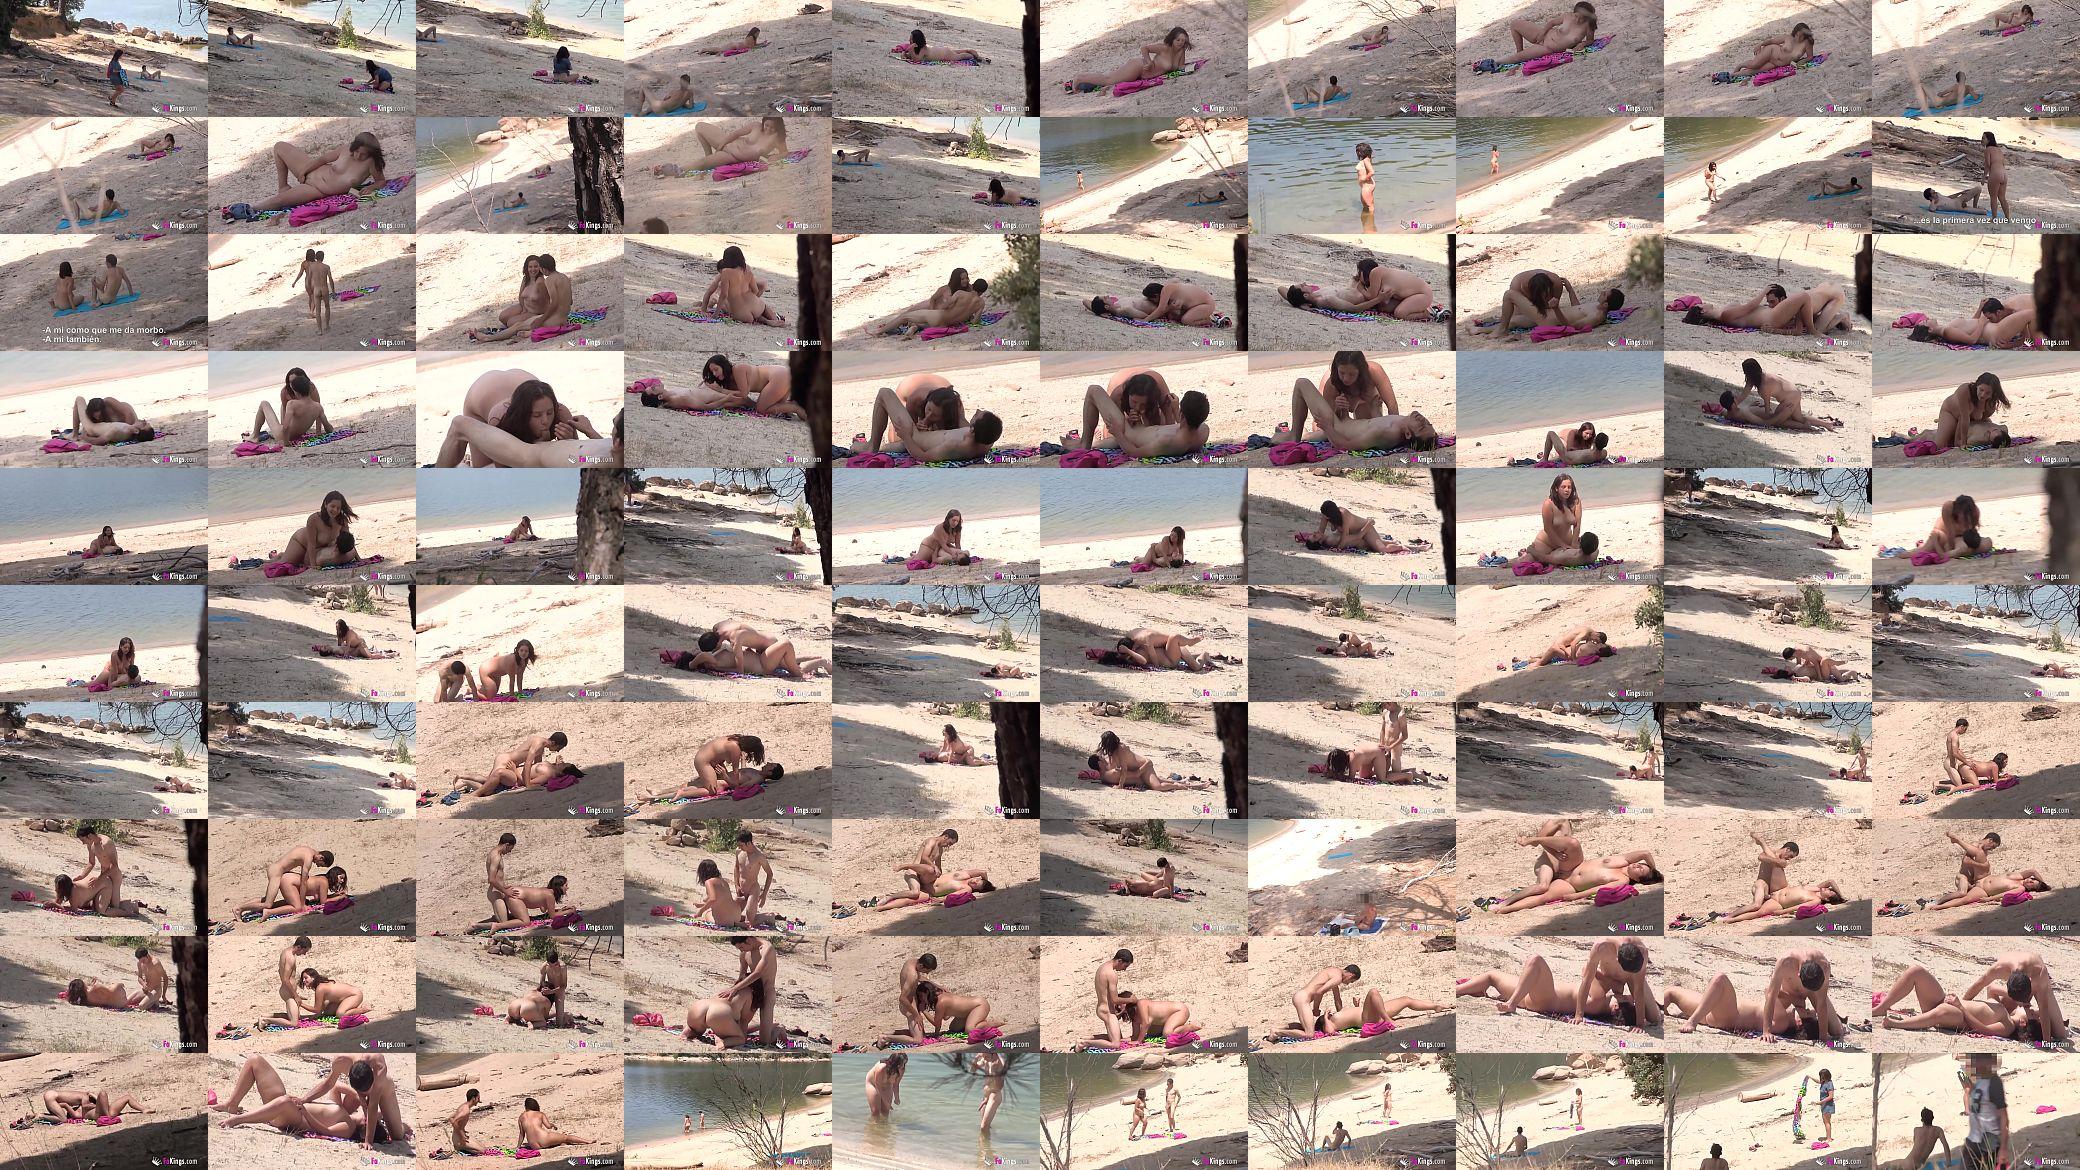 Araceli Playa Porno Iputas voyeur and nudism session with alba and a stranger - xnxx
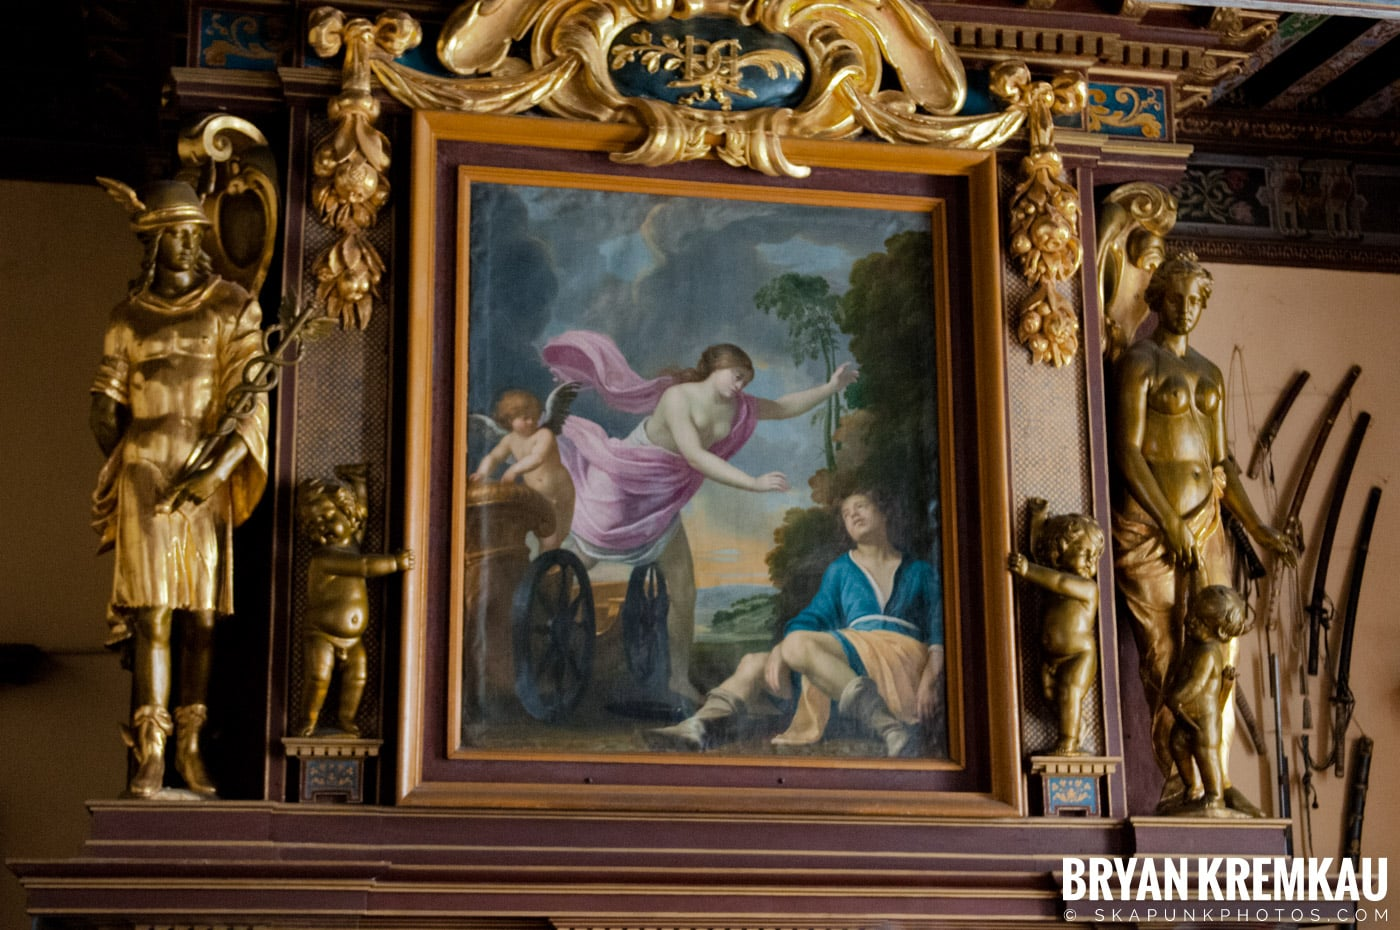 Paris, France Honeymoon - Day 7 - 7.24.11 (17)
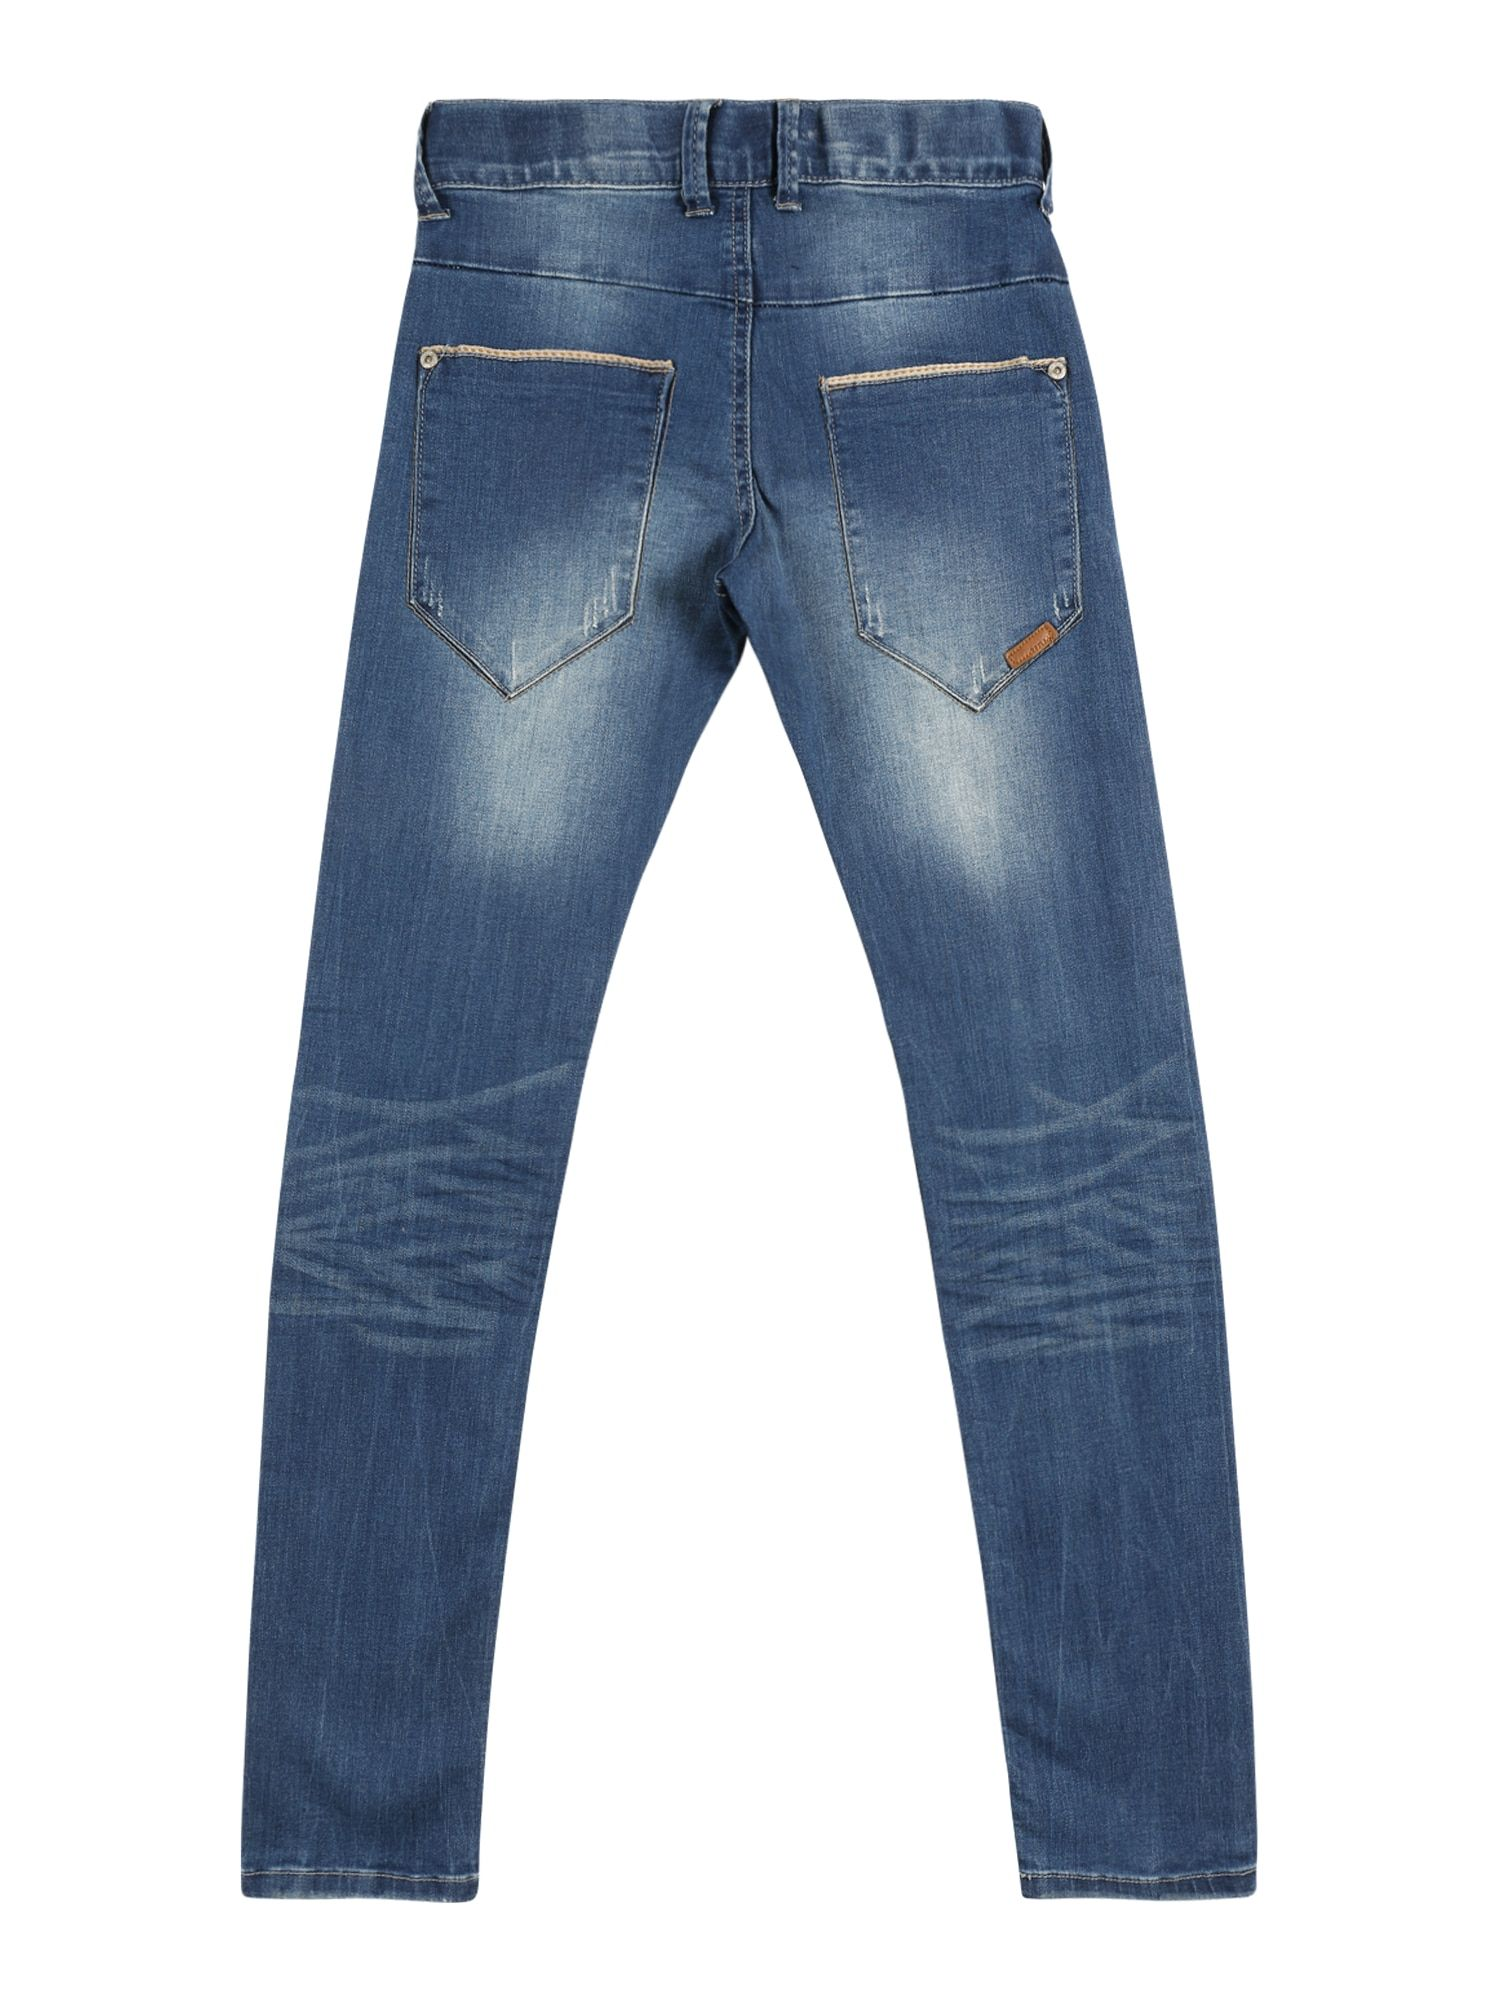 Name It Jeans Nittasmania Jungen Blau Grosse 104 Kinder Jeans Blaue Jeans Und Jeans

The problem » When you write out the material above, keep every line exact and drop each picture.

Response »
 Araceli Playa Porno Iputas voyeur and nudism session with alba and a stranger - xnxx
 Paris, France Honeymoon - Day 7 - 7.24.11 (17)
 Name It Jeans Nittasmania Jungen Blau Grosse 104 Kinder Jeans Blaue Jeans Und Jeans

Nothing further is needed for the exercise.